• [What is required]:
Your answer must be the exact lines below, starting with the line with "L'Art Islamique dans" and going on through the line with "Comics Justice League", both included, with no pictures.

Source records below:

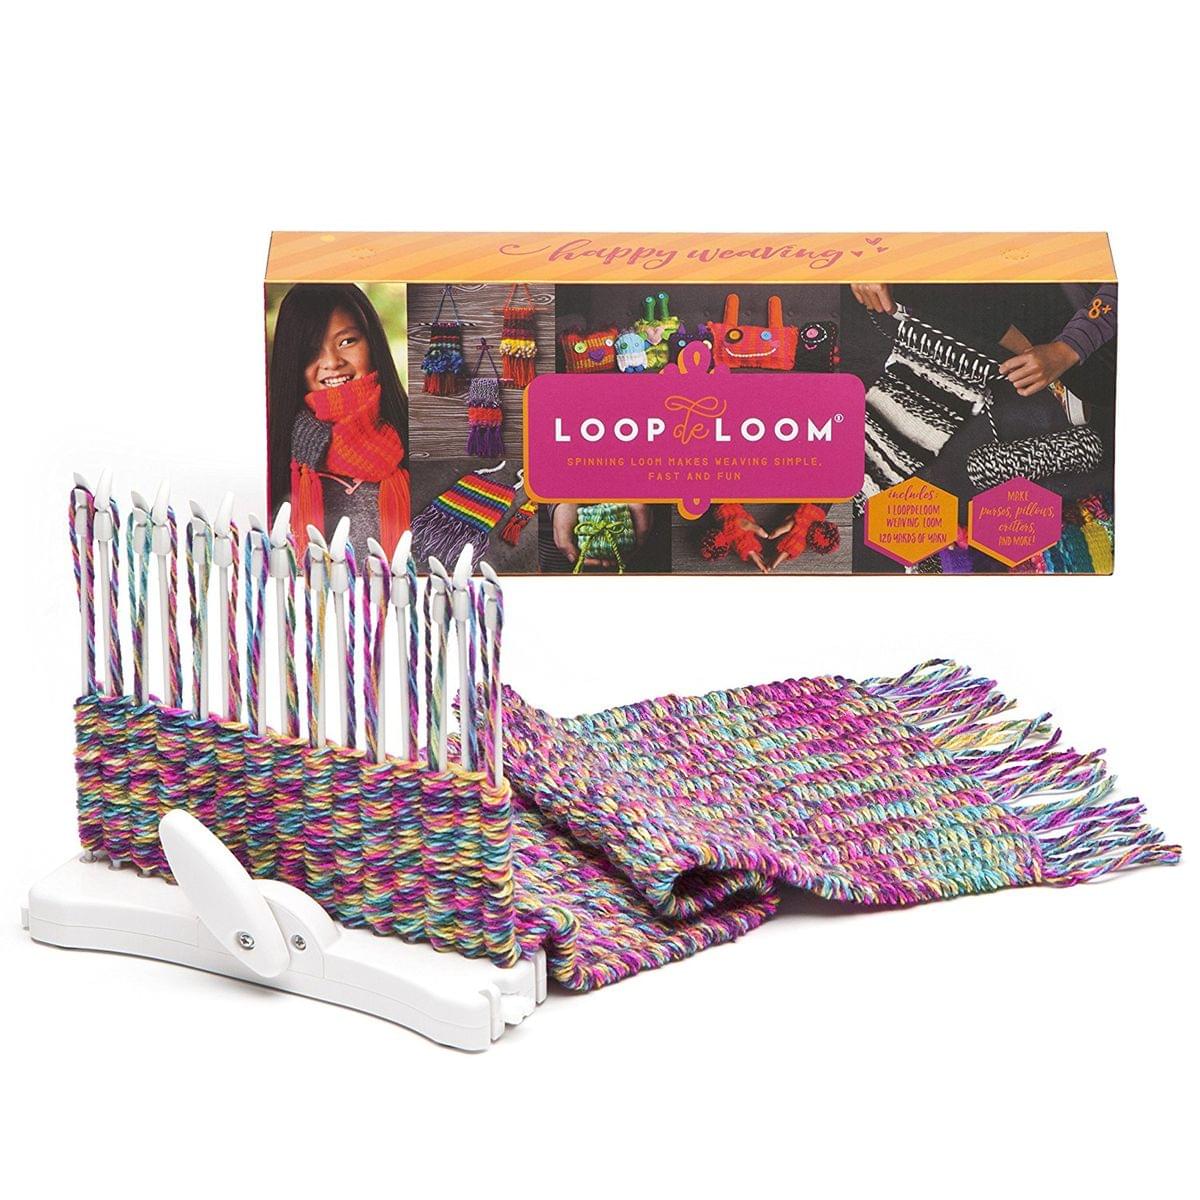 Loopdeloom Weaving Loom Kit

End of Source records.
Source records below:

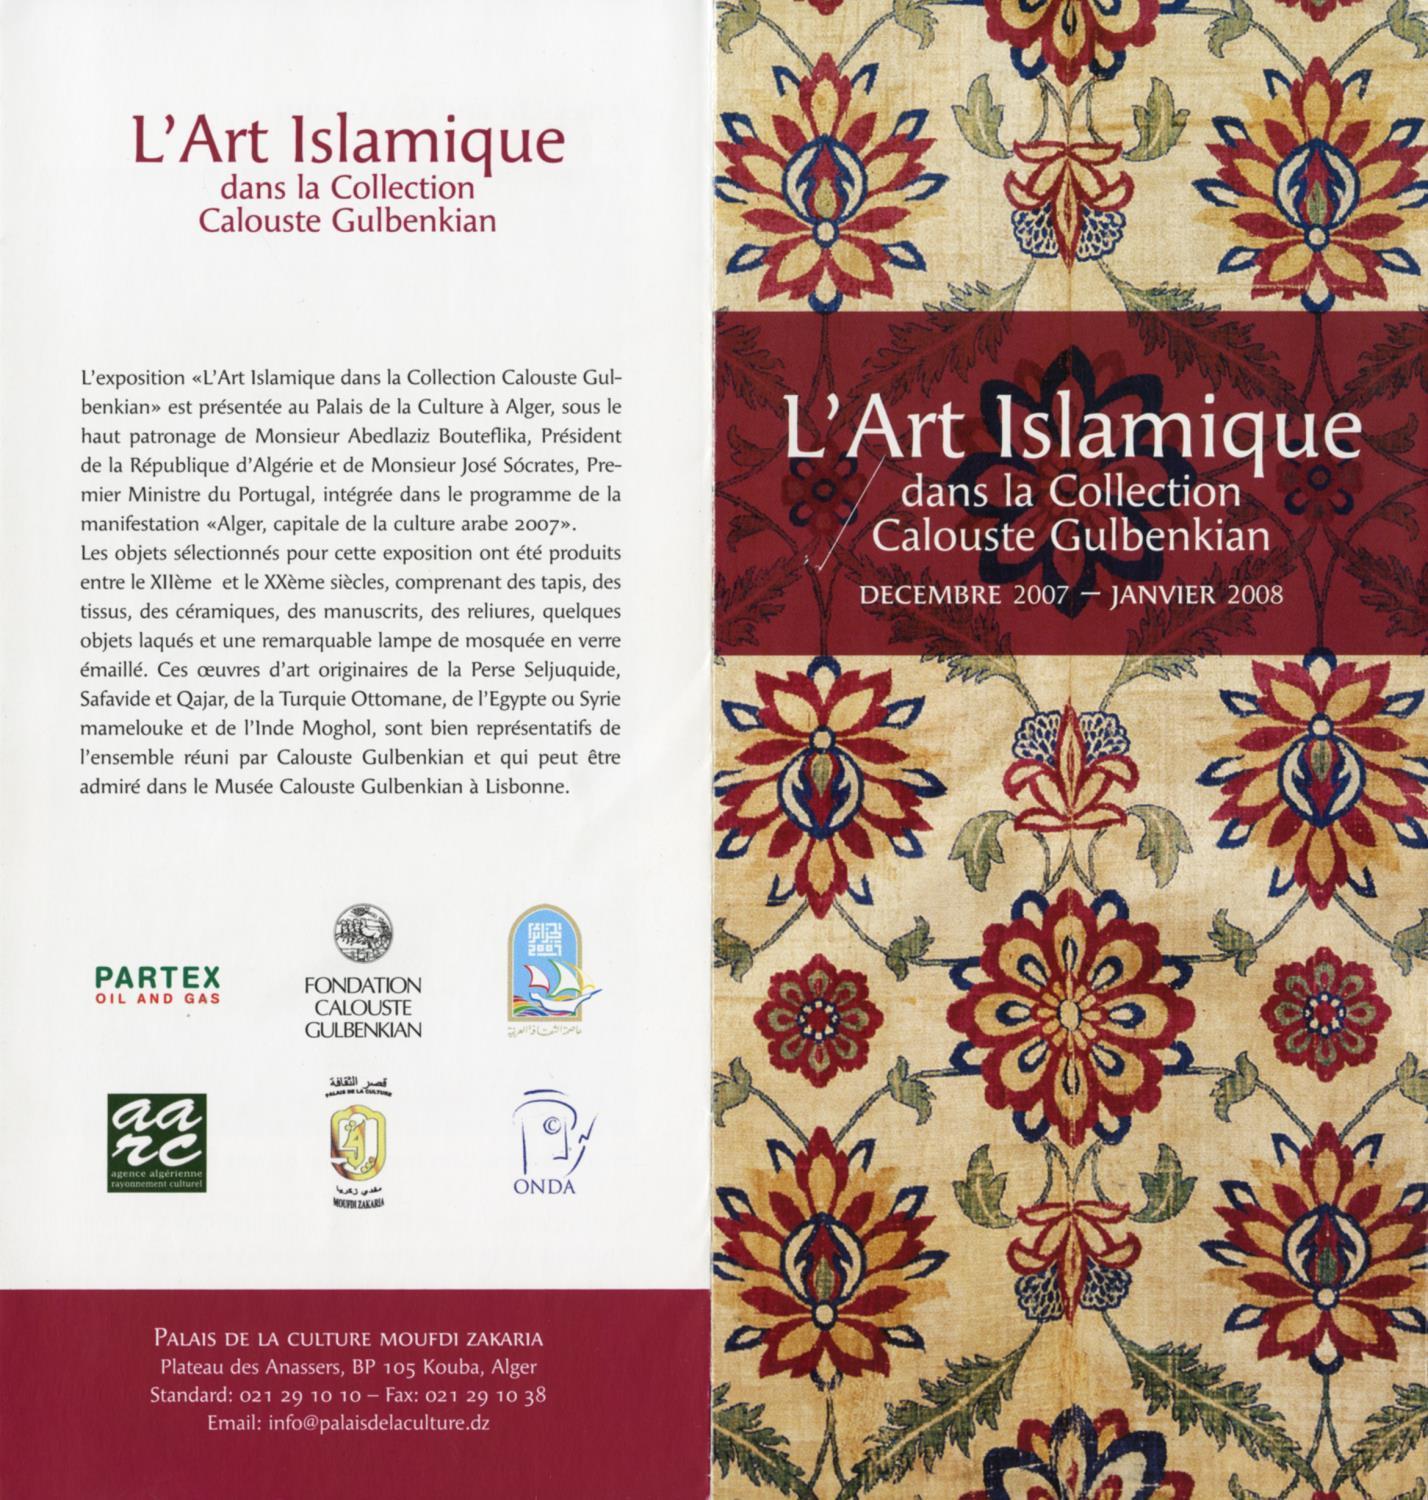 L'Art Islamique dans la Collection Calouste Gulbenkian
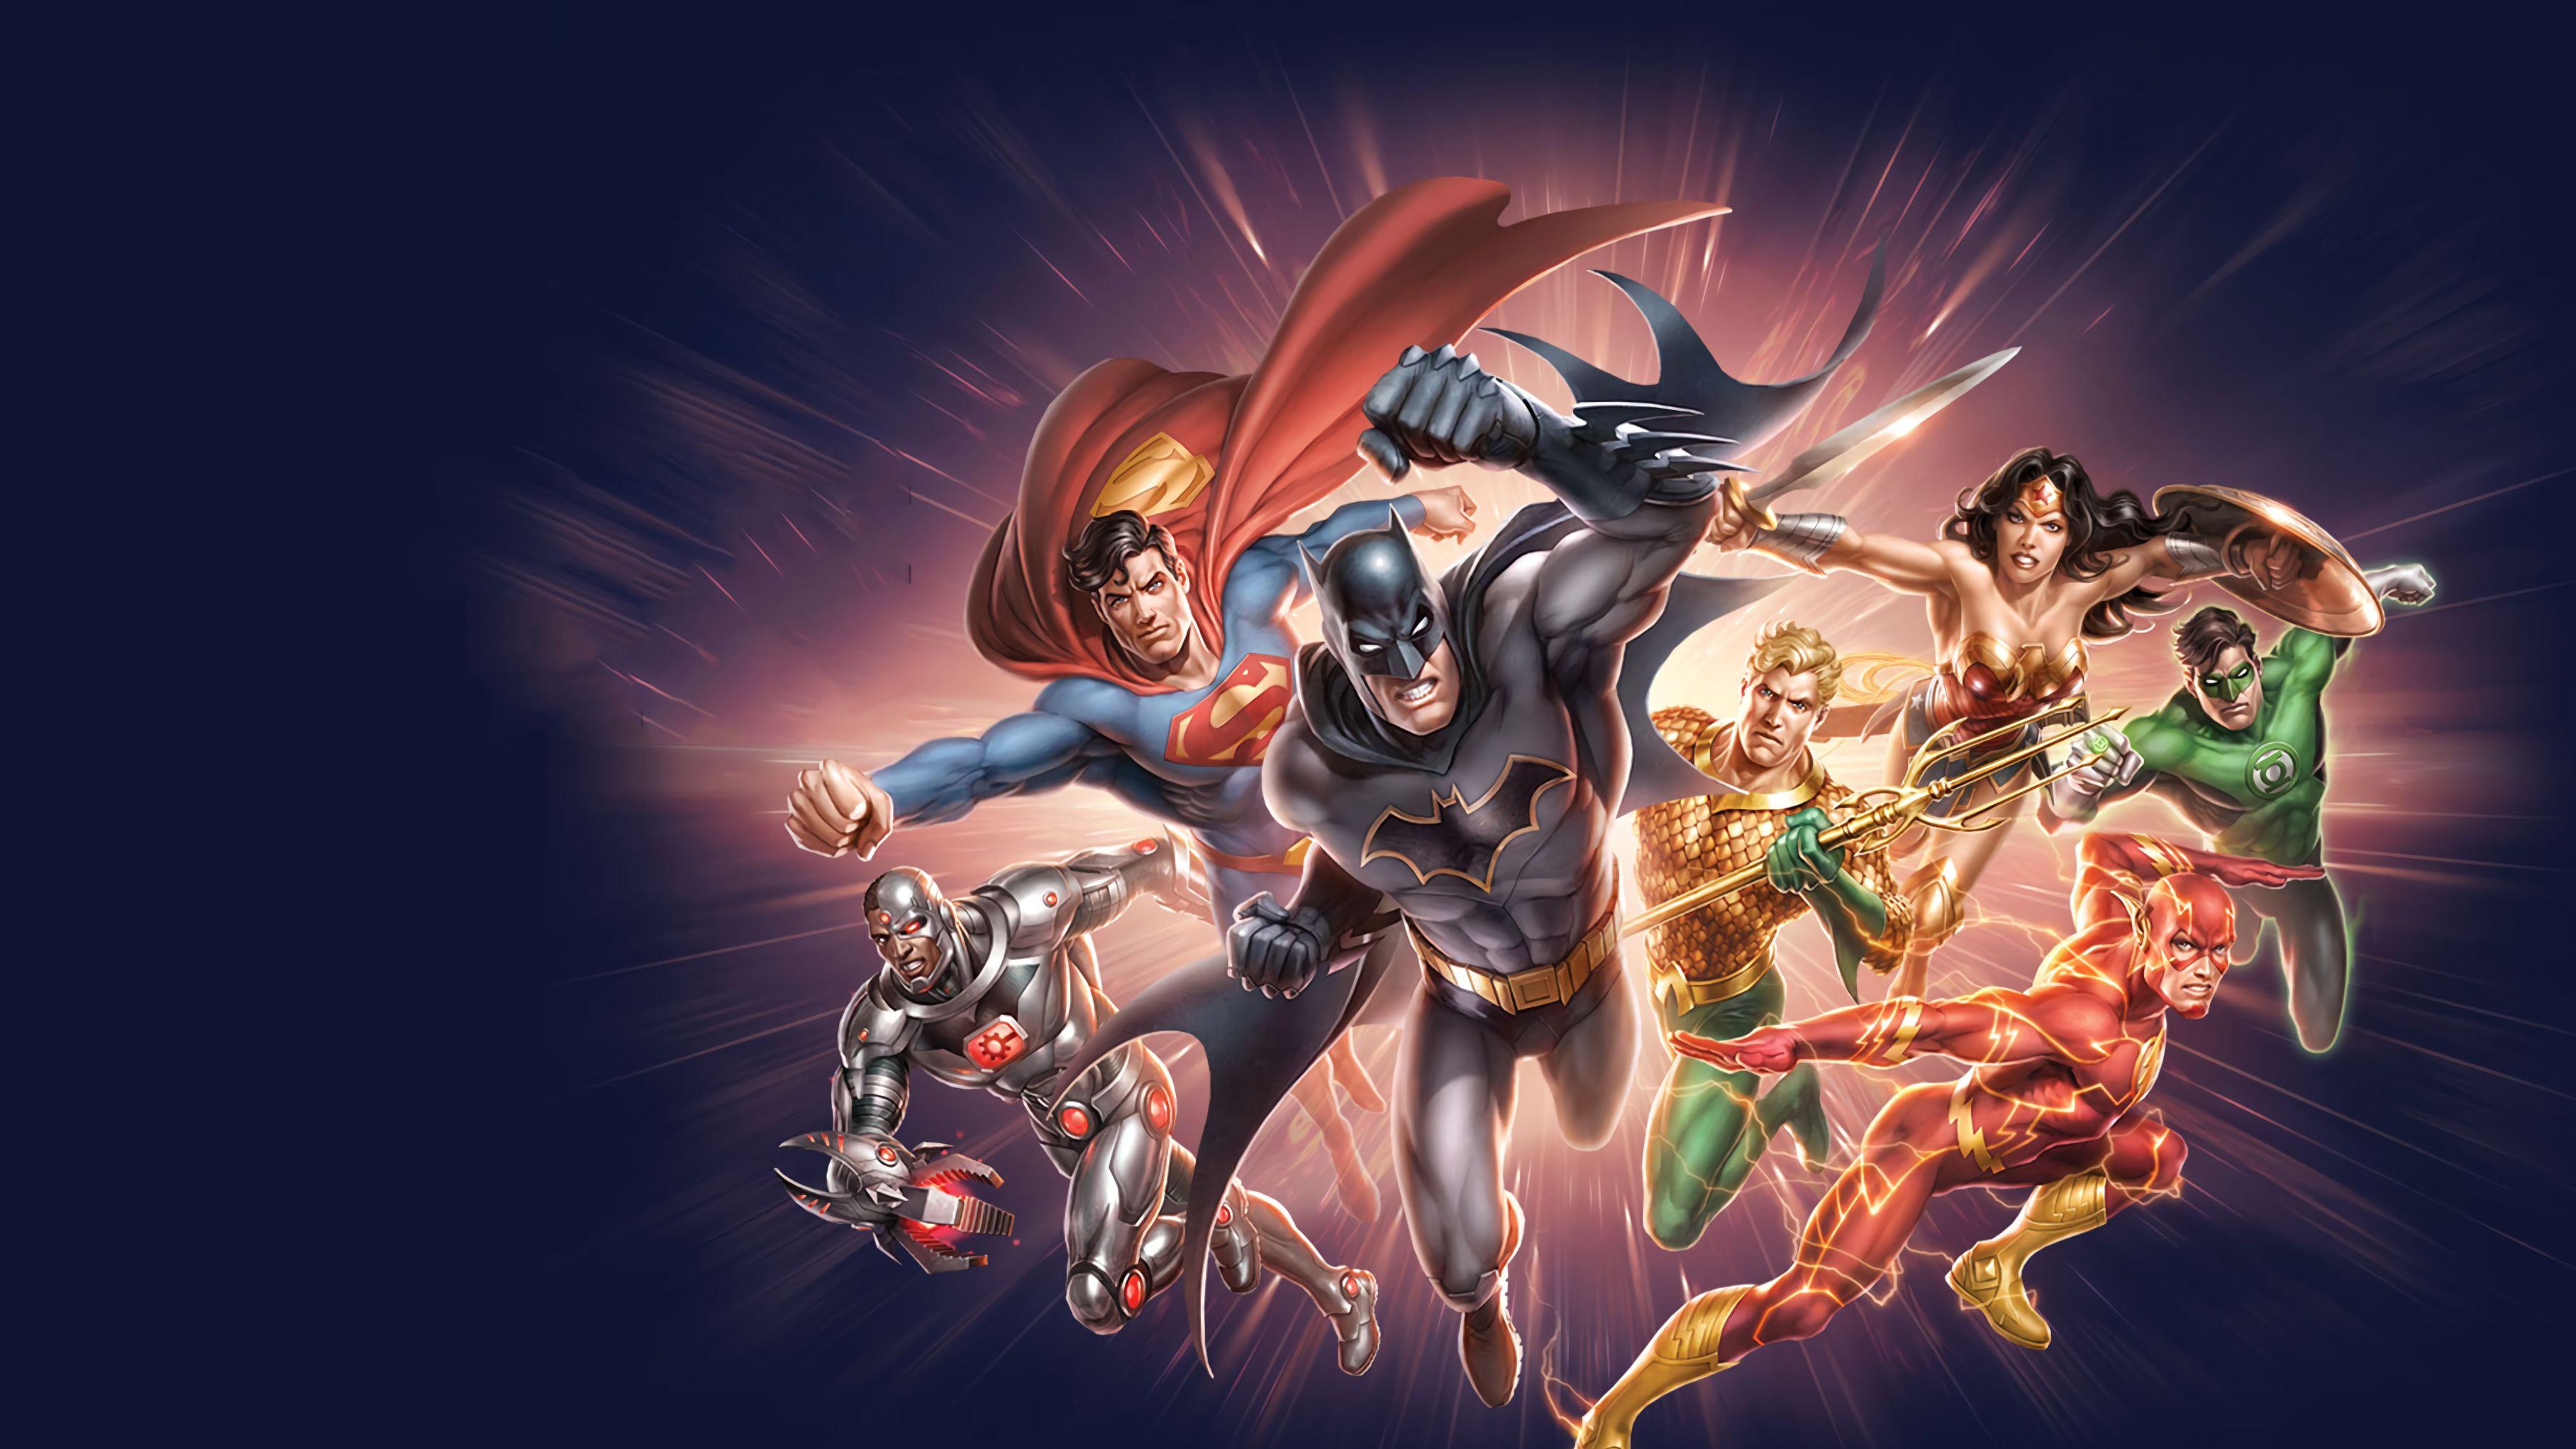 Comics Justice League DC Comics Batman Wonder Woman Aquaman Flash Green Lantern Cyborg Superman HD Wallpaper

End of Source records.

• [Answer section]:
 L'Art Islamique dans la Collection Calouste Gulbenkian
 Comics Justice League DC Comics Batman Wonder Woman Aquaman Flash Green Lantern Cyborg Superman HD Wallpaper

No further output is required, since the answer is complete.